Routing

Overview

Bifrost’s routing capabilities offer granular control over how requests are directed to different AI models and providers. By configuring routing rules on a Virtual Key, you can enforce which providers and models are accessible, implement sophisticated load balancing strategies, create automatic fallbacks, and restrict access to specific provider API keys.

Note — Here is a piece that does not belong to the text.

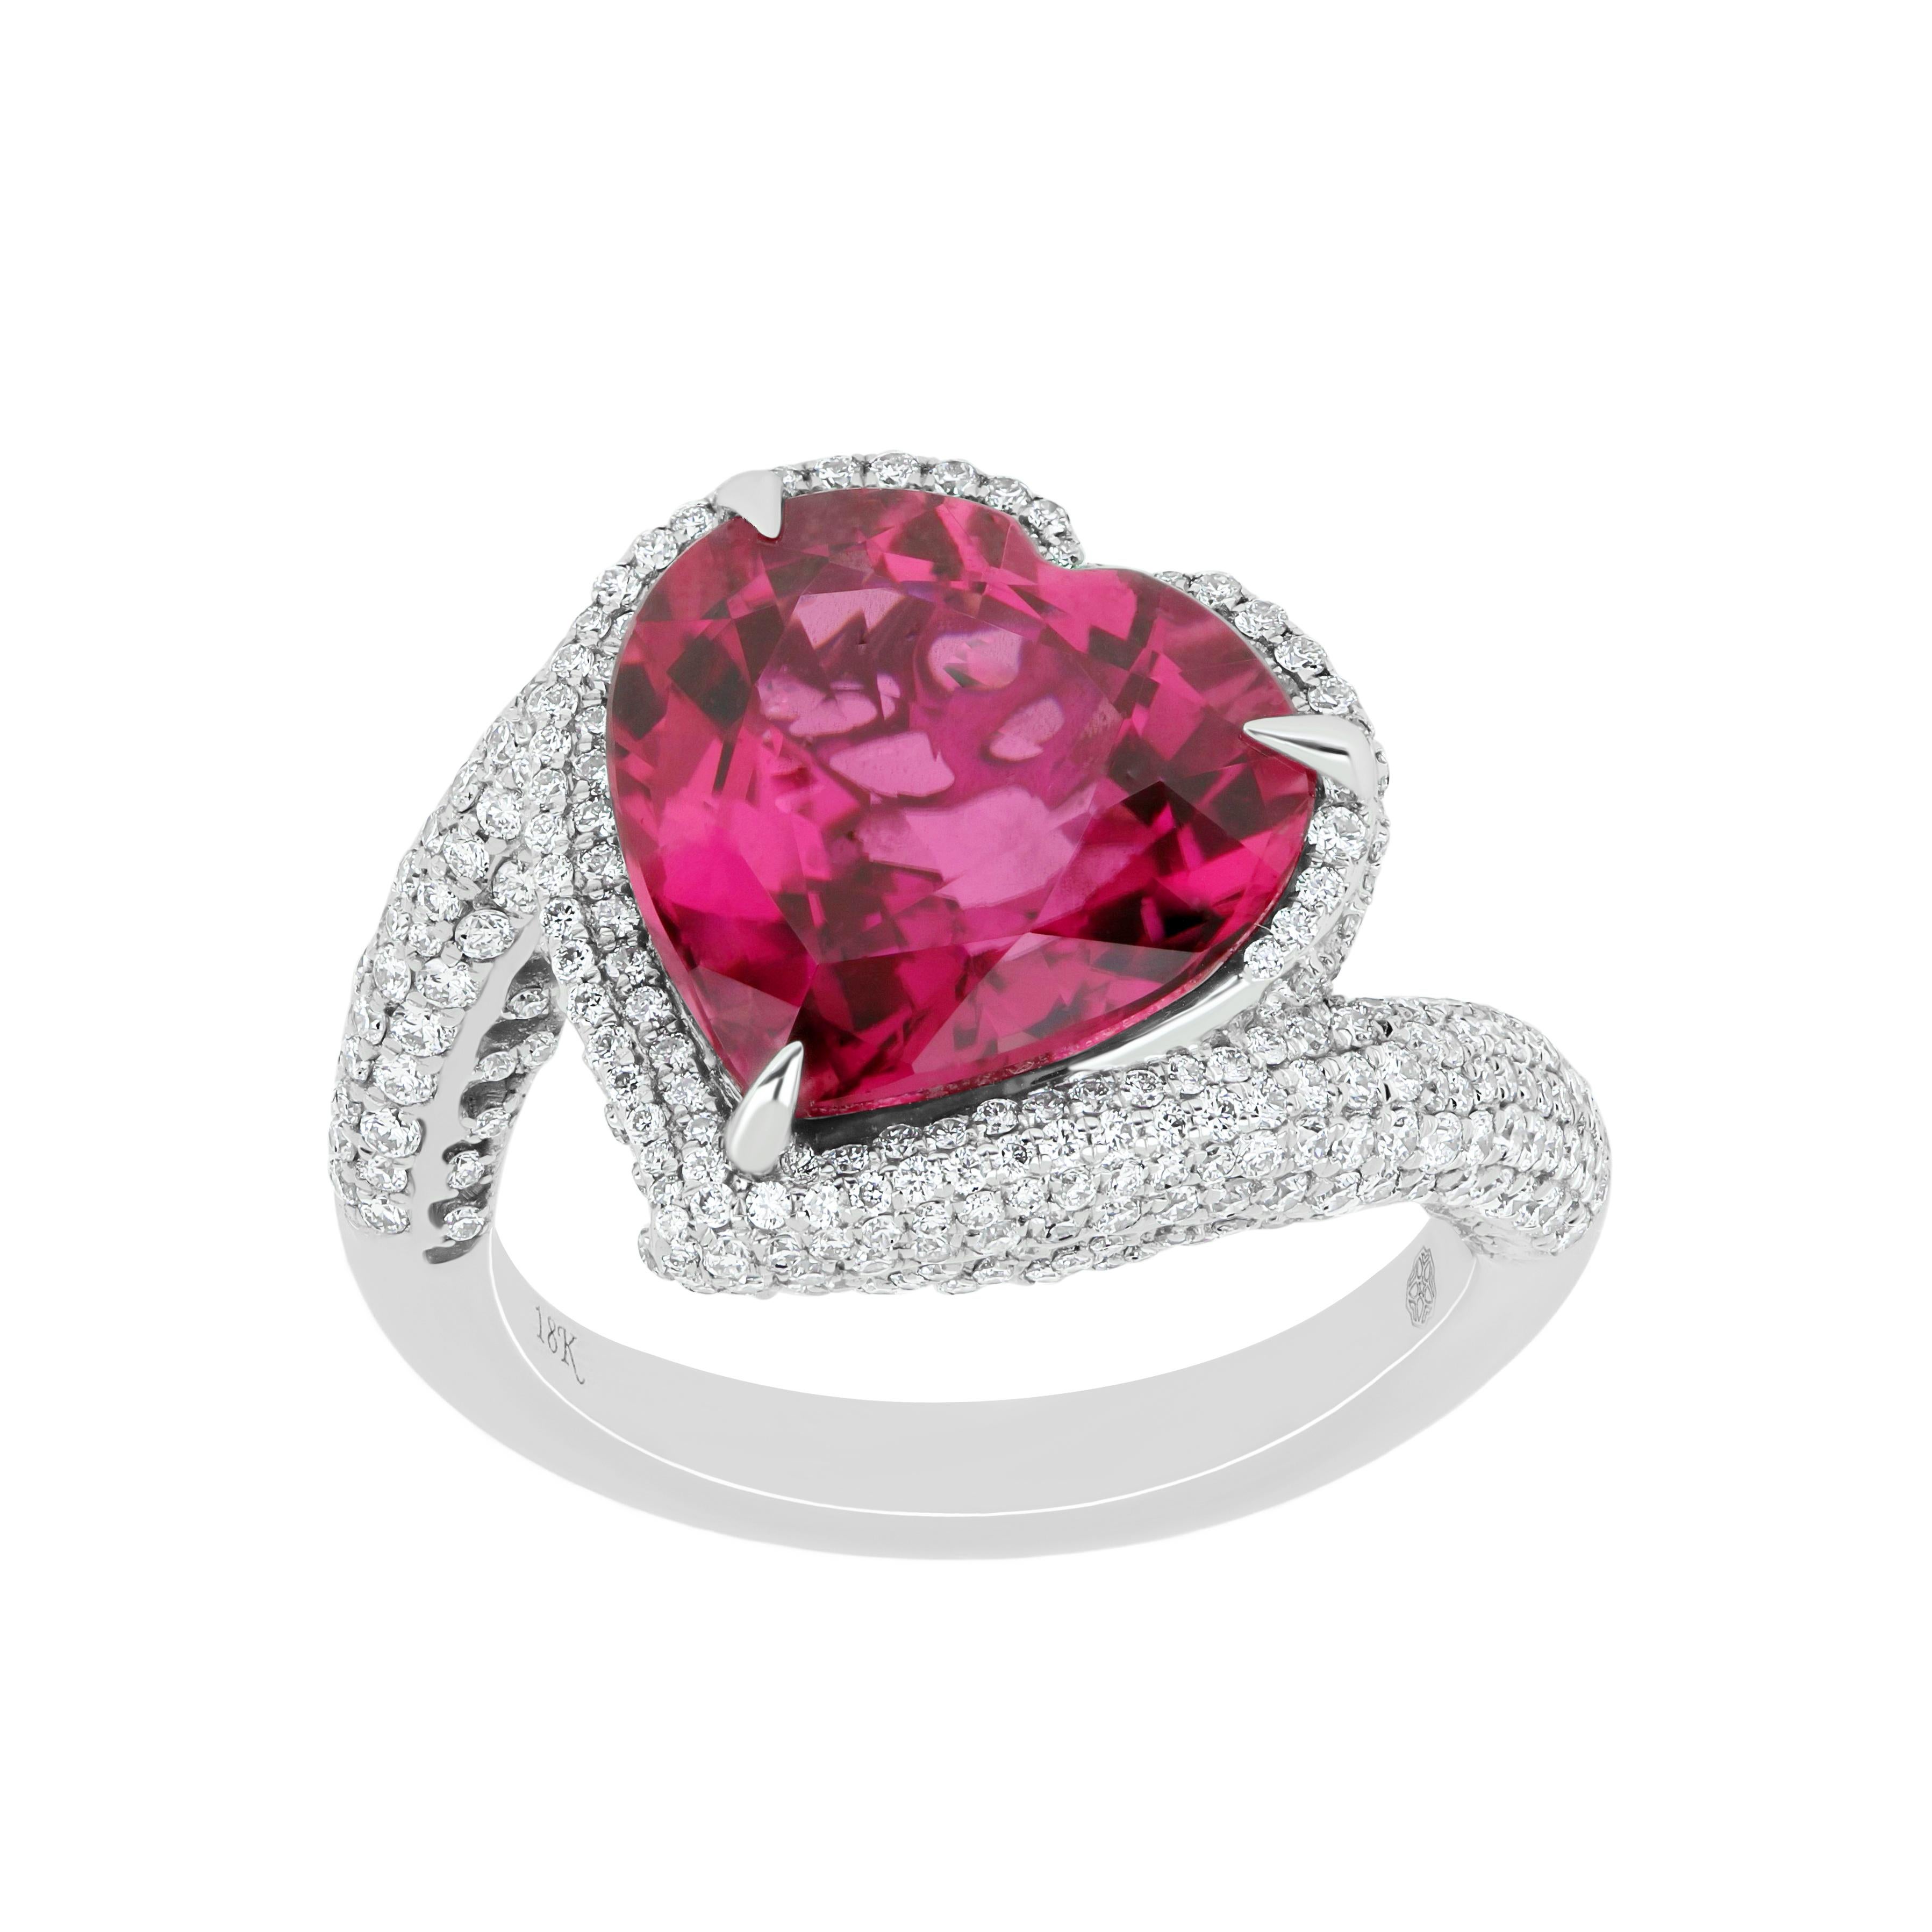 Heart Cut 6.8 Carats Rubellite and Diamond Studded Ring in 18K White Gold Ring For Sale
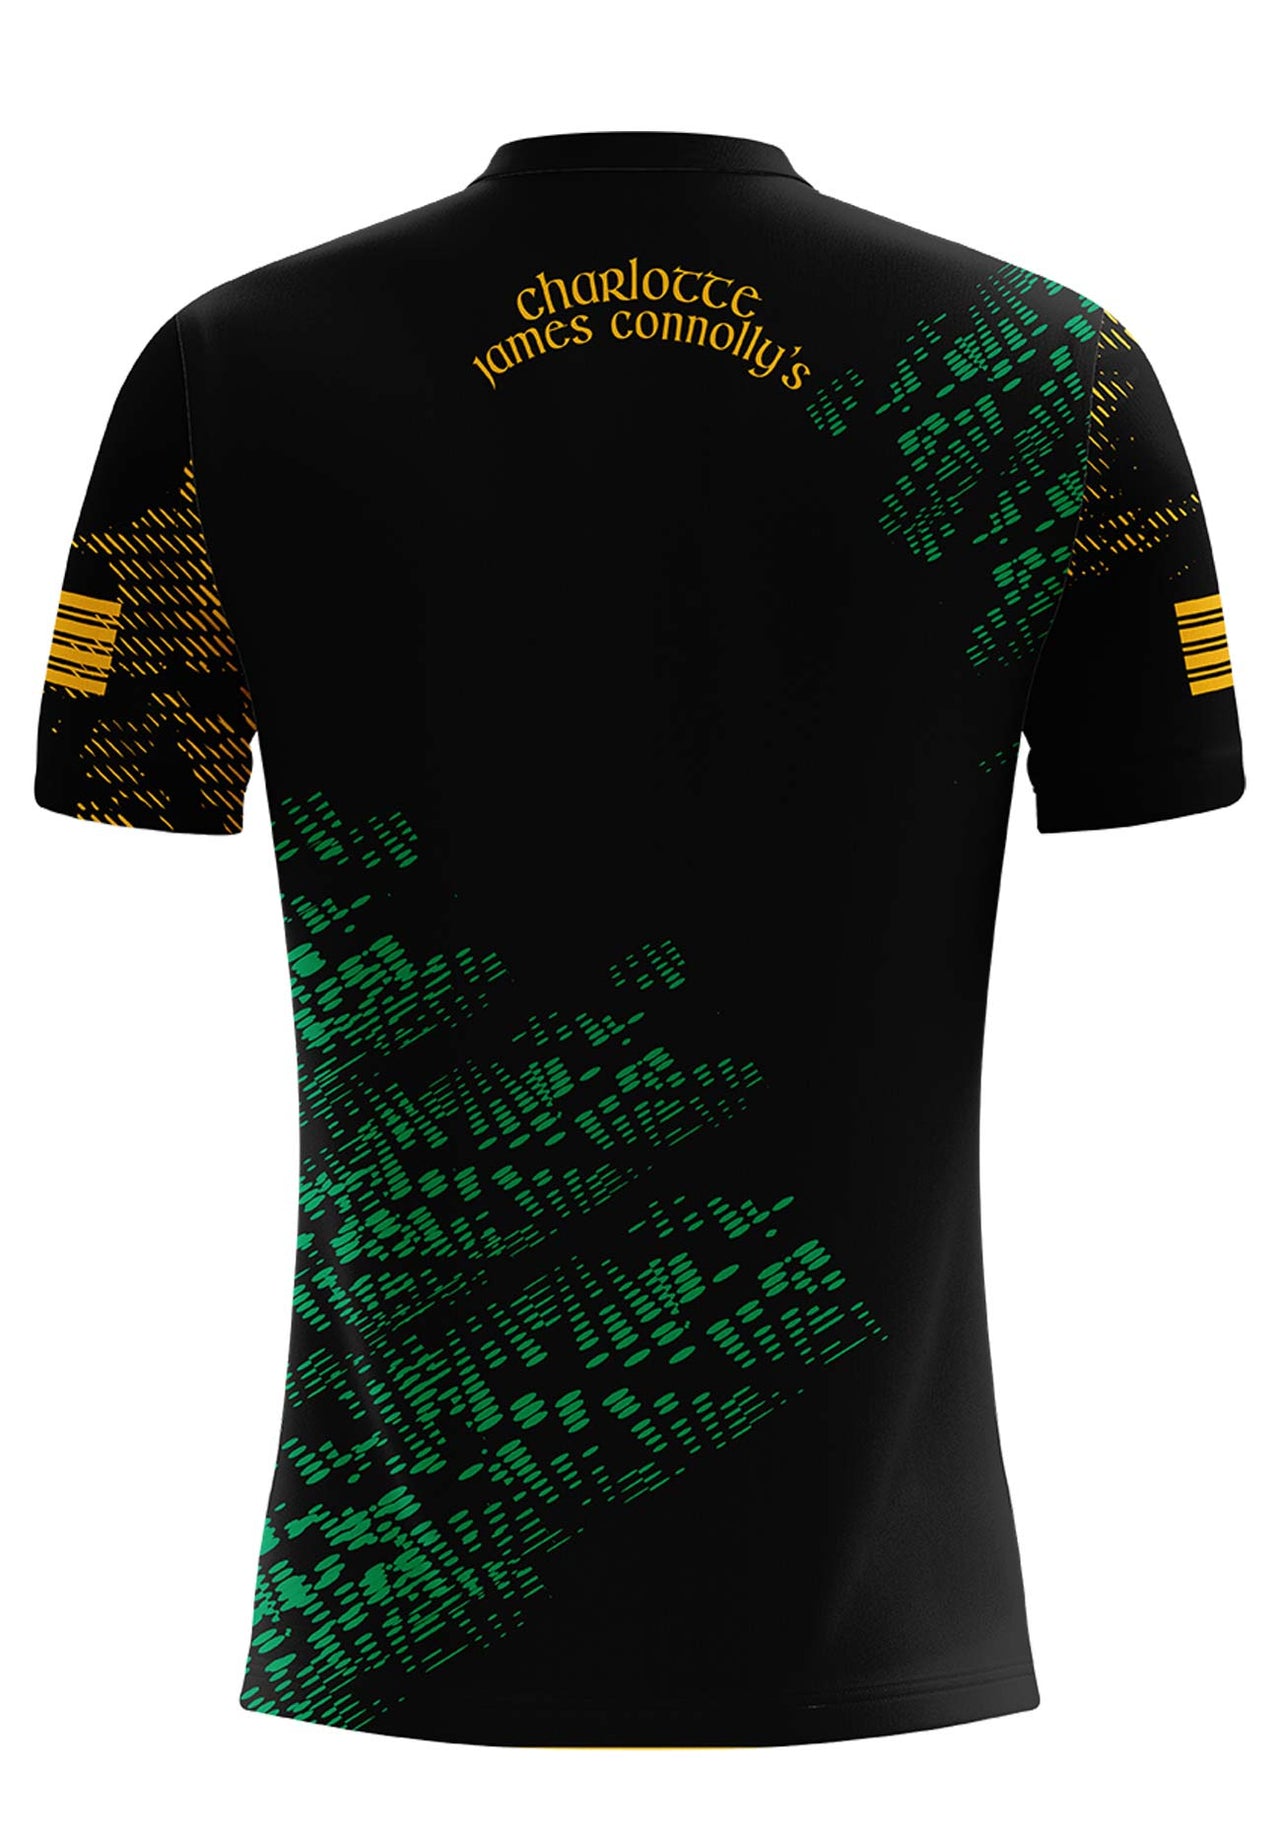 Charlotte James Connolly's Training Jersey Regular Fit Adult

This powerful feature enables key use cases like:

Resilience & Failover: Automatically fall back to a secondary provider if the primary one fails.
Environment Separation: Dedicate specific virtual keys to development, testing, and production environments with different provider and key access.
Cost Management: Route traffic to cheaper models or providers based on weights to optimize costs.
Fine-grained Access Control: Ensure that different teams or applications only use the models and API keys they are explicitly permitted to.

Provider/Model Restrictions

Virtual Keys can be restricted to use only specific provider/models. When provider/model restrictions are configured, the VK can only access those designated provider/models, providing fine-grained control over which provider/models different users or applications can utilize. How It Works:

No Restrictions (default): VK can use any available provider/models based on global configuration
With Restrictions: VK limited to only the specified provider/models with weighted load balancing

Weighted Load Balancing

When you configure multiple providers on a Virtual Key, Bifrost automatically implements weighted load balancing. Each provider is assigned a weight, and requests are distributed proportionally. Example Configuration:

Virtual Key: vk-prod-main
├── OpenAI 
│   ├── Allowed Models: [gpt-4o, gpt-4o-mini]
│   └── Weight: 0.2 (20% of traffic)
└── Azure
    ├── Allowed Models: [gpt-4o]
    └── Weight: 0.8 (80% of traffic)

Load Balancing Behavior:

For gpt-4o: 80% Azure, 20% OpenAI (both providers support it)
For gpt-4o-mini: 100% OpenAI (only provider that supports it)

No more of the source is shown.